On Tools and Ploughshares: A Review of “Chapter 7: Power” in Kate Crawford’s “Atlas of AI: Power, Politics, and the Planetary Costs of Artificial Intelligence”

Crawford, K. (2021). Atlas of AI: Power, Politics, and the Planetary Costs of Artificial Intelligence. Yale University Press.

Preface: Approaching This Review

“We are told to focus on the innovative nature of the method rather than on what is primary: the purpose of the thing itself” (Crawford, 2021, p. 214)

Kate Crawford’s (2021) Atlas of AI: Power, Politics, and the Planetary Costs of Artificial Intelligence takes aim at the hype, unfettered enthusiasm, and air of inevitability that pervades much popular discourse on artificial intelligence (AI) – knocking it down more than a few pegs to its more earthly reality. It does so with an air of seriousness that reflects the gravity of its critiques, and the problems inherent in the world today. Reading Crawford’s text, I found myself drawn into her sustained critique, which perhaps saturates my response and attempts to distinguish myself from her conclusions in this review. After several years of trying to engage with and understand AI systems and the larger tech ecosystem, and hanging out in academic and community practice spaces that often celebrate innovation, entrepreneurship, and the promise of new technologies, it was a pleasure to engage with a much harsher perspective on the world today. As a doctoral student, a social work educator, a burgeoning writer, and a resident of a major metropolitan area, AI seems everywhere, and it seems inescapable. It is refreshing to be reminded that this does not have to be the case. At the same time, Crawford’s book left me wanting more direction towards alternatives to AI hegemony, and skeptical about her outright dismissal of possibilities to mitigate potential harms within AI infrastructures and repurpose AI towards more egalitarian ends.

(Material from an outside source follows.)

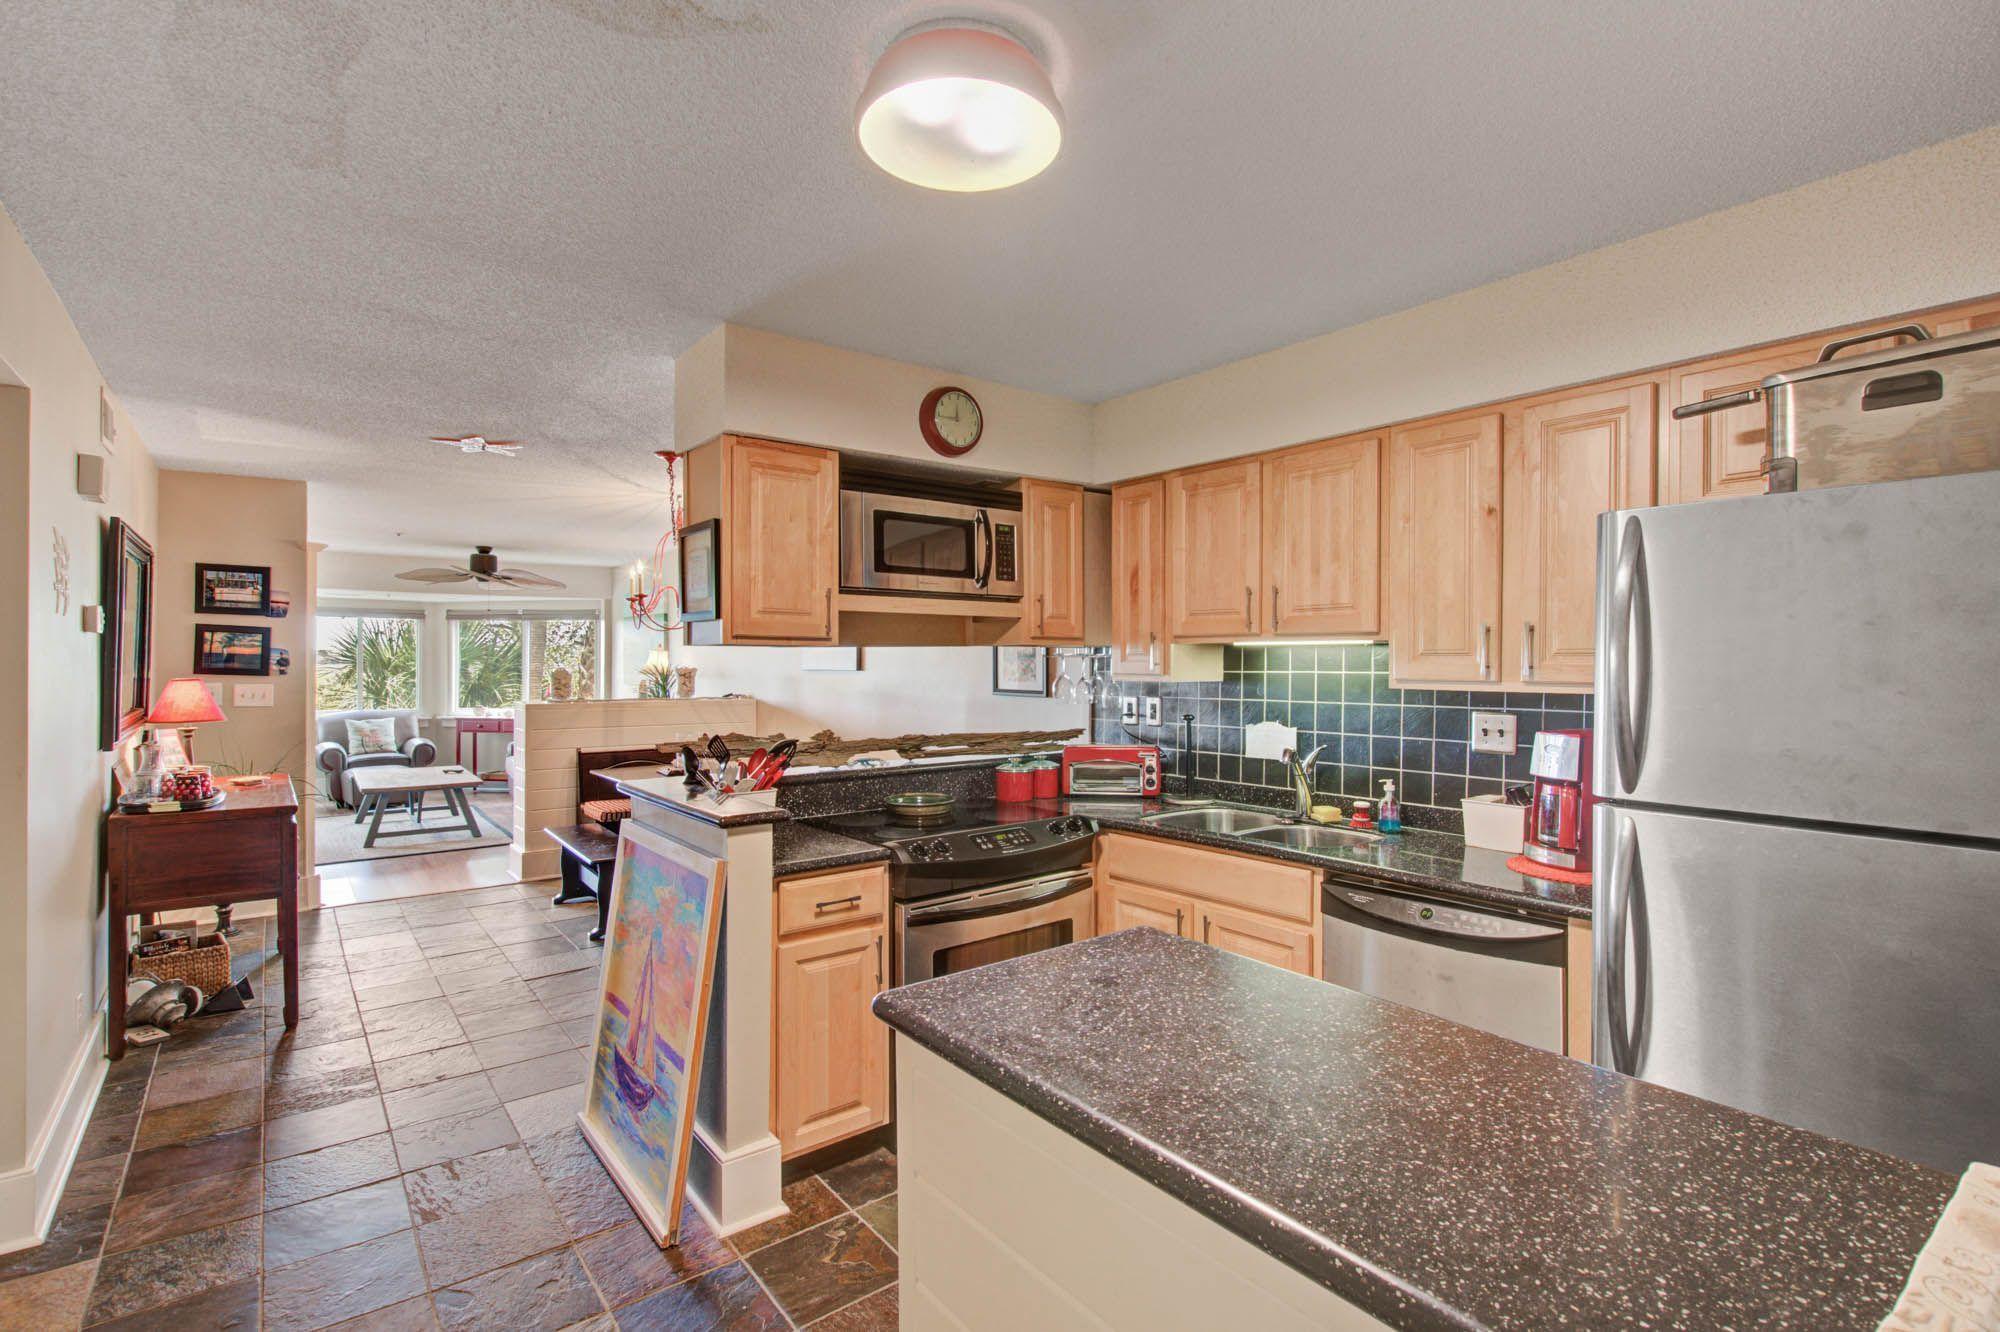 Marshview Villas Homes For Sale - 151 Marsh View Villas, Folly Beach, SC - 6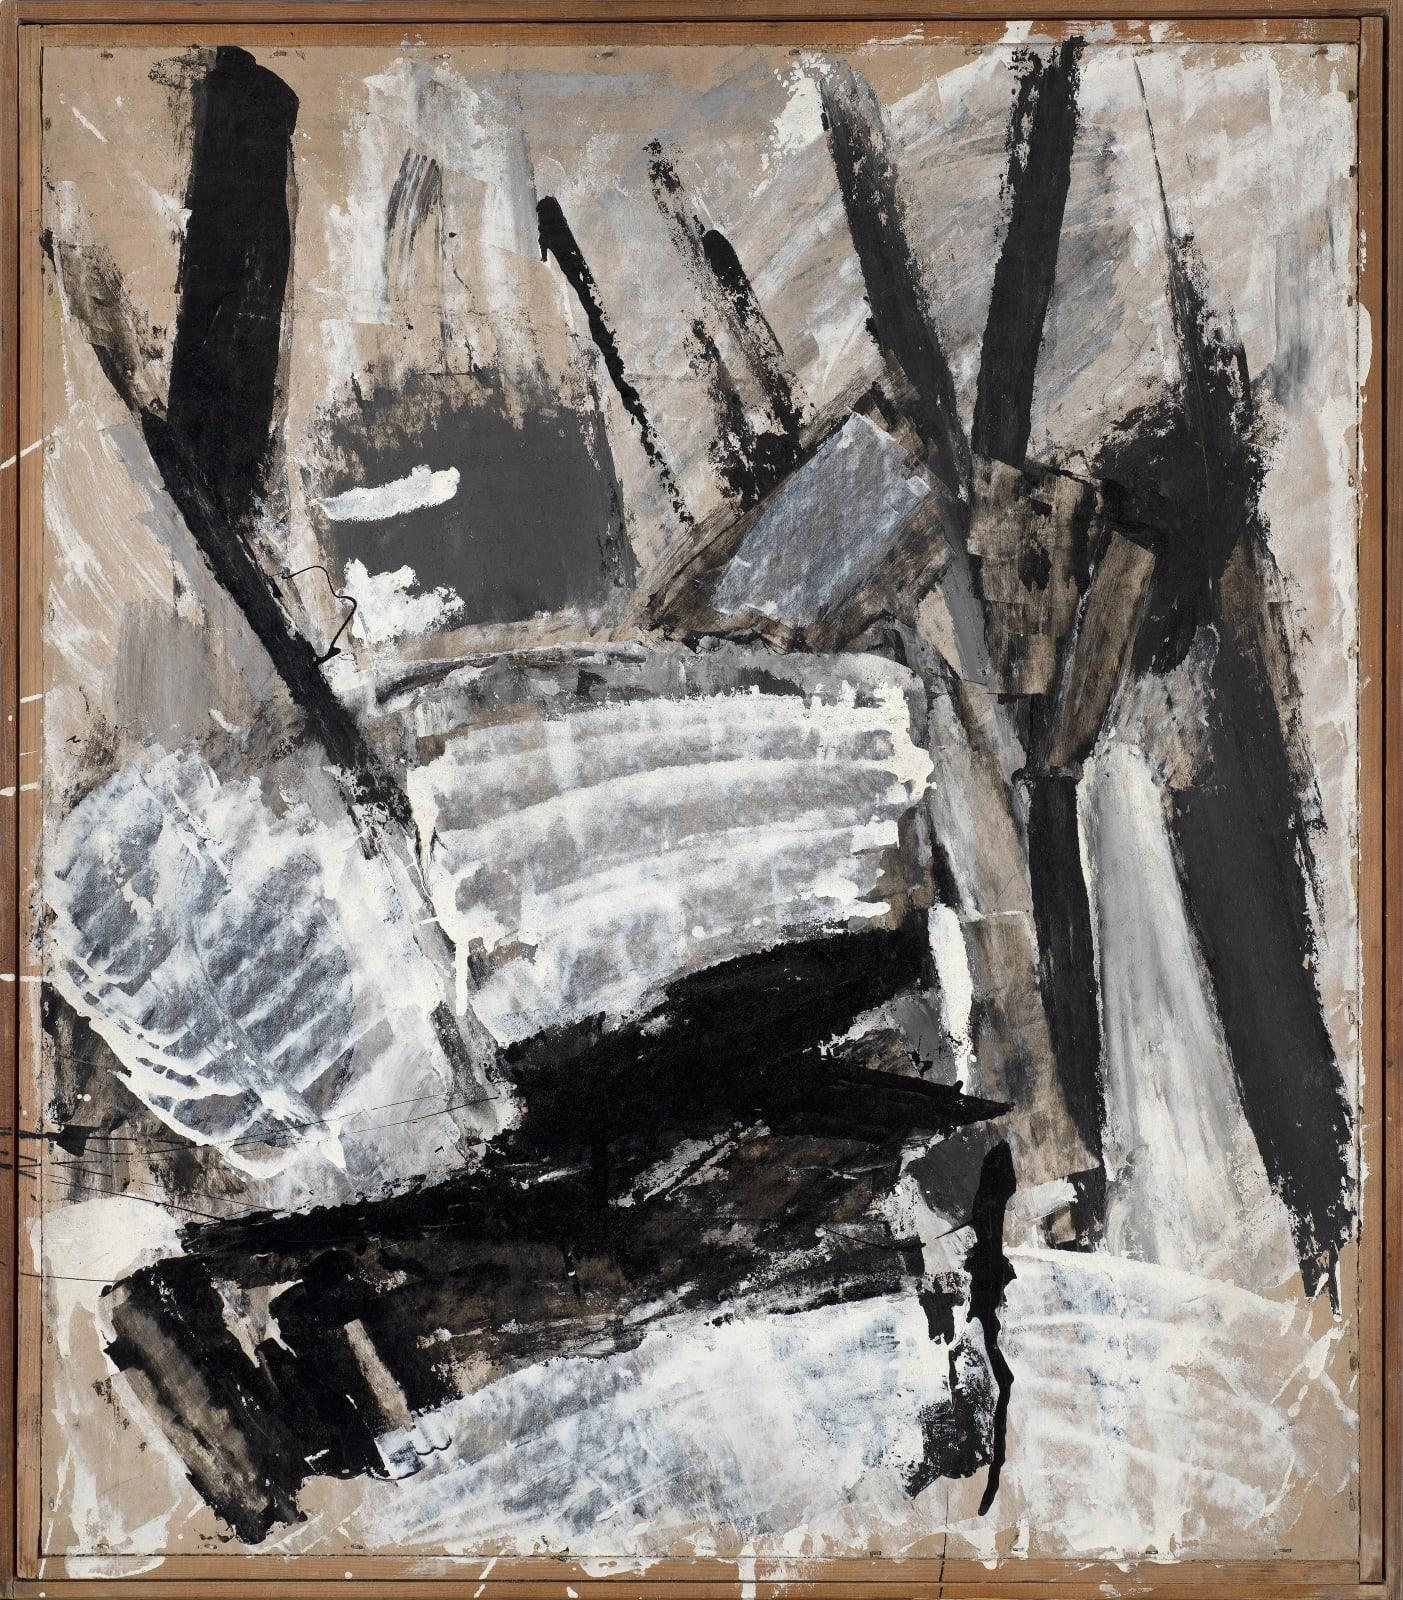 Gustav Metzger Painting on Cardboard Oil on found kodak box, c. 1961-62 68.4 x 59.4cm. The Gustav Metzger Foundation

Today’s world is saturated with artificial intelligence (AI), both aspirational and actually existing technologies. While its potential promises and perils are hotly debated across geopolitical and ideological lines, its status as a technology thrust onto the world stage is not. Just as Mark Fisher (2009) argued that “capitalist realism” was the mantra of the mid-2000’s, Dan McQuillan (2022) argues that today’s moment is one of “AI realism” – where there is no conceivable alternative. Contemporary society is saturated with algorithms (Burrell and Fourcade, 2021) and governed by algorithmic logics (Daston, 2022). Caught up in a race for the latest and the greatest the digital economy can offer, alliances of public, private, and civil society actors advance what urban sociologist Sharon Zukin (2020) refers to as the “innovation complex” – with the forces of global capital aligning to focus on advanced technologies as avenues for the unfettered pursuit to control innovation, amidst a new gilded age of inequality arising in the background. This promises a golden age of scientific discovery as AI systems work to “unlock” novel patterns in massive data sets, and a possible new era of human flourishing. AI development and diffusion further layers out through geopolitical competition, an “AI race” moving forward between powerful industrialized nations such as the United States and China. The push for more and better AI is on. Innovate or be left behind.

The latest fetish object in a long line of technology hype cycles, AI captivates the imagination of technological futures in public and private discursive spheres, academic research agendas, and venture capital investment portfolios. Speculative finance and speculative fiction have a close relationship in AI systems. Yet AI has a long history, one that predates current computational technologies and global capital accumulation patterns. The earliest visions of what we now call “AI” trace back to Leibnitz’s “great instrument of reason” (Gray, 2016). In the 19th century, with slavery’s abolition in the British empire in the backdrop, Charles Babbage imagined an autonomous calculating machine, as a whole host of scientific innovations sought to create new ways to measure, manage, and discipline a growing ‘voluntary’ workforce (Whittaker, 2023). The most recent vision of AI, born in cybernetics and nascent computer science, came out of an all-male conference of researchers at Dartmouth in 1956, and a culture where tedious labor and care work were envisioned as the most automatable (Brousard, 2018). AI’s current wave, born of neural nets, big data, and transformers, is much more recent, owing to a series of scientific and technological discoveries in the early 2000’s (Webb, 2019). For all the grandiose visions that brought them to being, AI systems are little more than advanced computational mathematics – what Alex Hanna (2022) refers to as “mathy maths”. They are calculating, data-crunching machines – to the tune of far more calculations than a single human mind can process, hyper-specializing in narrow tasks. The dream – a hopeful or nightmarish one – of “artificial general intelligence” remains unfulfilled, but on the agendas, mission statements, and business plans of many AI companies today.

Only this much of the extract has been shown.